Globales Wasteland
Lässt er Landwirte und Bauern aus den USA, Deutschland und Kamerun die Absurditäten der Lebensmittelnorm aufzeigen, die Tomatenfarben per Scanner kontrolliert, Kartoffelgröße und Gurkenkrümmung bestimmt, ist Taste the Waste ebenso alarmierend, wie wenn er die systematische Enteignung der Kleinbauern in Drittweltländern anprangert, die von internationalen Großkonzernen zu unterbezahlten Arbeitern auf ihren Plantagen gemacht werden. Die Überflussgesellschaft steht nach den von Müllforschern und Lebensmittelproduzenten erhobenen Fakten mit einem Bein im Dreck und dem anderen auf einer rutschigen Bananenschale. Und selbst die könnte man noch zur Energiegewinnung verwenden, rein biologisch versteht sich. 50 Prozent der Nahrungsmittel werden weggeworfen, allein in Deutschland über 10 Millionen Tonnen im Jahr, deren entweichendes Methangas die Erdatmosphäre zerfrisst.

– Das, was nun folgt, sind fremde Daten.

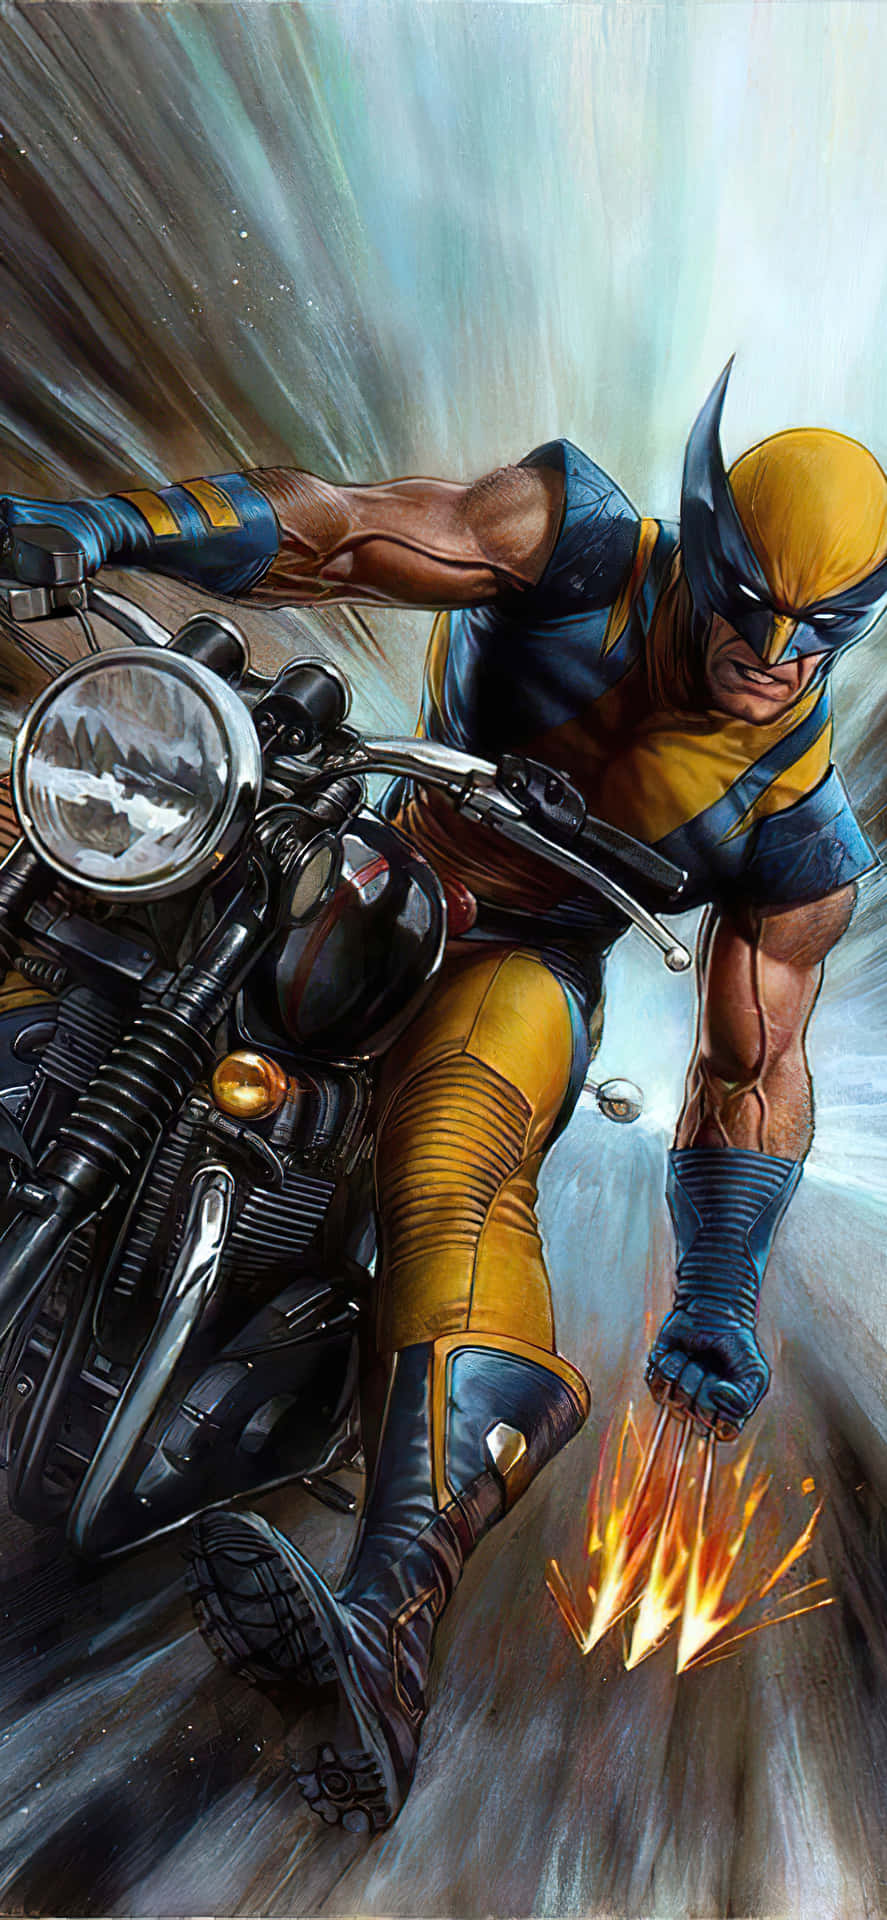 Tapetmed Wolverines Motorcykeltur Marvel-konst För Iphone. Wallpaper

Die Zusammenhänge von Marktwirtschaft, Lebenskosten und Armut, nicht nur in der Dritten Welt, übergeht die ambitionierte Reportage in ihrem naiven Idealismus. Die Lösung liegt scheinbar so nahe auf New Yorker Dachgartenfarmen, in Biogas-Anlagen und den Esstischen der Tafel. Speisereste kann man nicht nur an Schweine verfüttern, so wird impliziert, sondern an sozial Unterprivilegierte. Für die meisten von ihnen ist der Filmtitel Alltagsrealität. Im Discounter kaufen nicht nur Junk-Food-Junkies, sondern Menschen, die finanziell dazu gezwungen sind. Wer die Angebote der Tafel und Sozialläden aus eigener Erfahrung kennt, sortiert die Erdbeerschale mit der matschigen Beere und die Käsepackung mit der kürzesten Haltbarkeitsfrist nicht aus reiner Pingeligkeit aus; weil das Obst meist schon im Regal vor sich hinfault, die unterste Brotscheibe regelmäßig angeschimmelt ist und nach drei Tagen schwarze Käfer aus der Mehltüte krabbeln. Ja, »Dumpster Dining«, zu dem Taste the Waste einlädt, ist eine nette Abwechslung zum Bioladen und Qualitätsgeschäften – für diejenigen, die sich den Einkauf dort leisten können.
Und dass man in eine Mülltonne klettert, heißt nicht, dass man sich dort benehmen kann, wie man will. Es gibt Regeln: Nimm nie mehr als du brauchst. Hinterlasse den Müll so sauber, wie du ihn vorfinden möchtest. Die wichtigste Regel verschweigt Thrun: Lass Dich nicht erwischen. Sonst kommt das Dreckdinner die Mülltonnentaucher teuer zu stehen. Einbruch, Diebstahl, Hausfriedensbruch. »Free Food« schreibt Thurns filmischer Appell, dem es bei aller Relevanz und Aktualität zu oft an Transparenz mangelt, in einem Epilog auf einen Müllcontainer. Eine zynische Pointe für alle, die gewohnt sind, mit den Resten der Wohlstandsgesellschaft abgespeist zu werden.